Turning to the Title IX discrimination claims, the 9th Circuit panel was influenced mightily by the Department of Education’s expansive rewrite of Title IX to include “gender identity or expression” as commensurate with biological sex.
Christen wrote that the law “does not afford transgender women and girls equal athletic opportunities … [and] the record does not demonstrate that transgender females would displace cisgender females to a substantial extent if transgender females were allowed to play on female teams.”
In the end, the court determined that in addition to the foregoing, the “public interest” was served by preventing “the violation of a party’s [i.e., the transgender student’s] constitutional rights.”

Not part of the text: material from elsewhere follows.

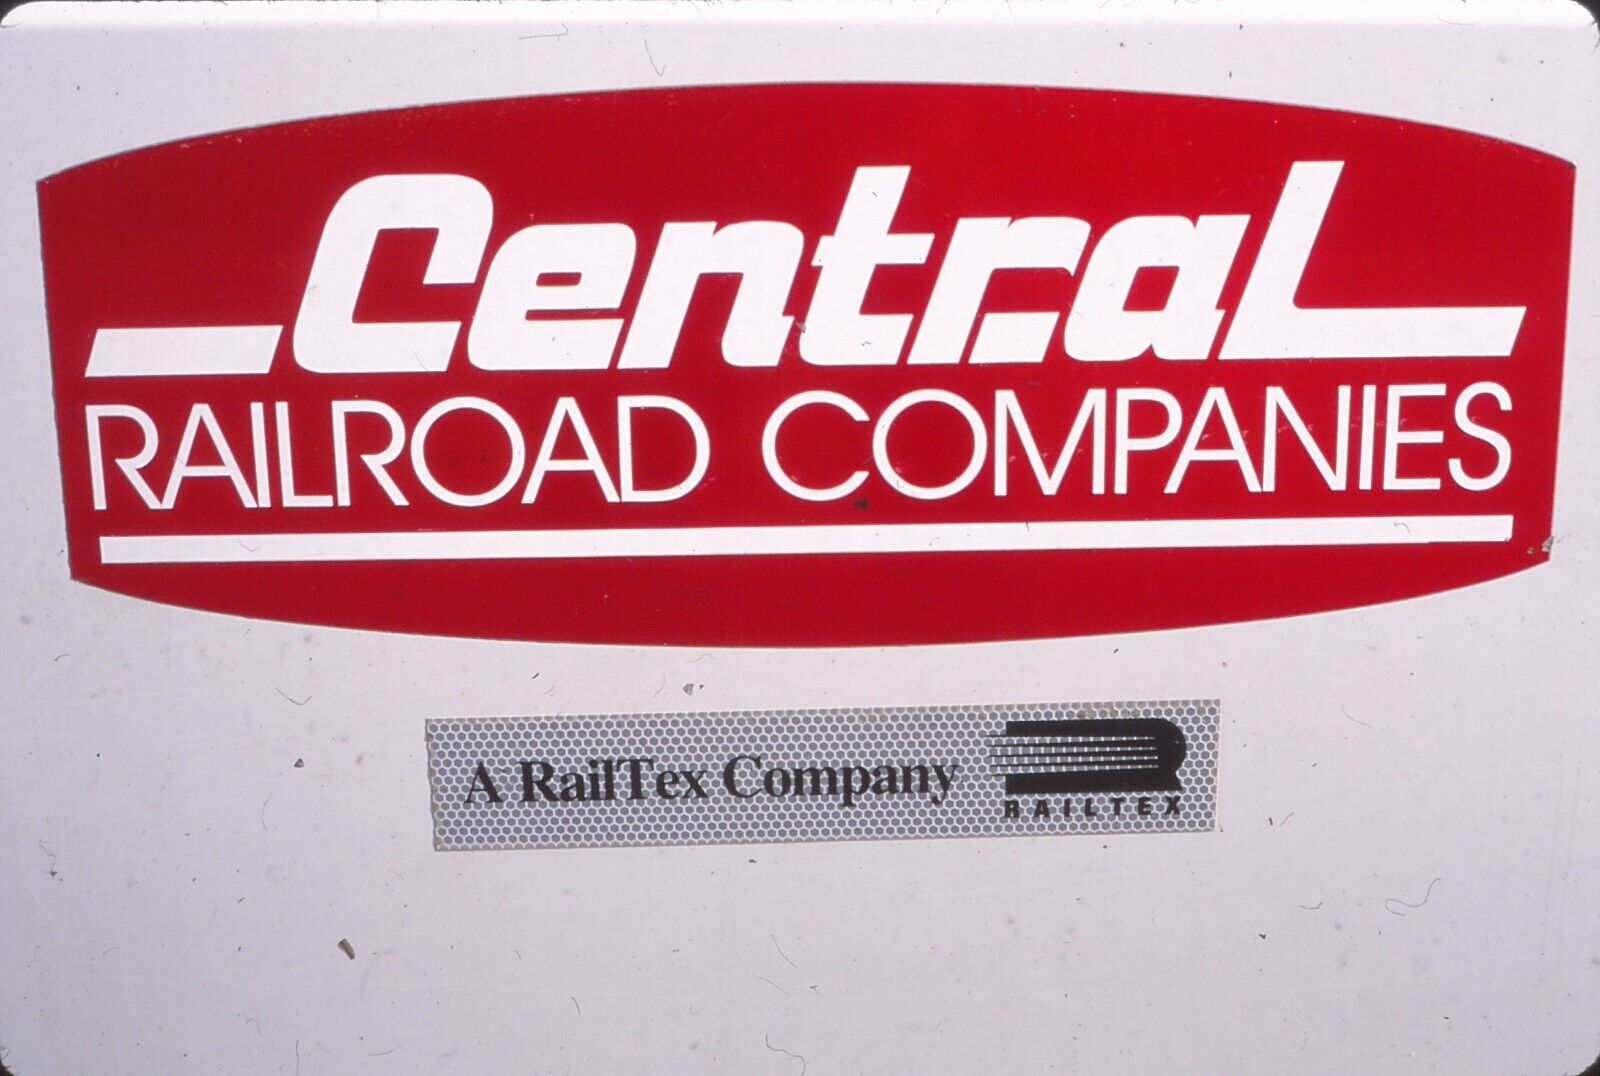 Original Fuji Railroad Slide Railtex Central Railroad Companies Logo Herald

Despite the court’s ongoing delirium about transgender discrimination, Arizona’s then-governor, Doug Ducey, when signing the women’s sports bill into law, noted perhaps the simplest and clearest aim of the legislation:
This legislation simply ensures that the girls and young women who have dedicated themselves to their sport do not miss out on hard-earned opportunities, including their titles, standings, and scholarships due to unfair competition.
This bill strikes the right balance of respecting all students while still acknowledging that there are inherent biological distinctions that merit separate categories to ensure fairness for all.
The simple, nondiscriminatory mission of the Save Women’s Sports Act, however, was utterly lost on the 9th Circuit.
Perhaps, in time, sanity will prevail at the U.S. Supreme Court.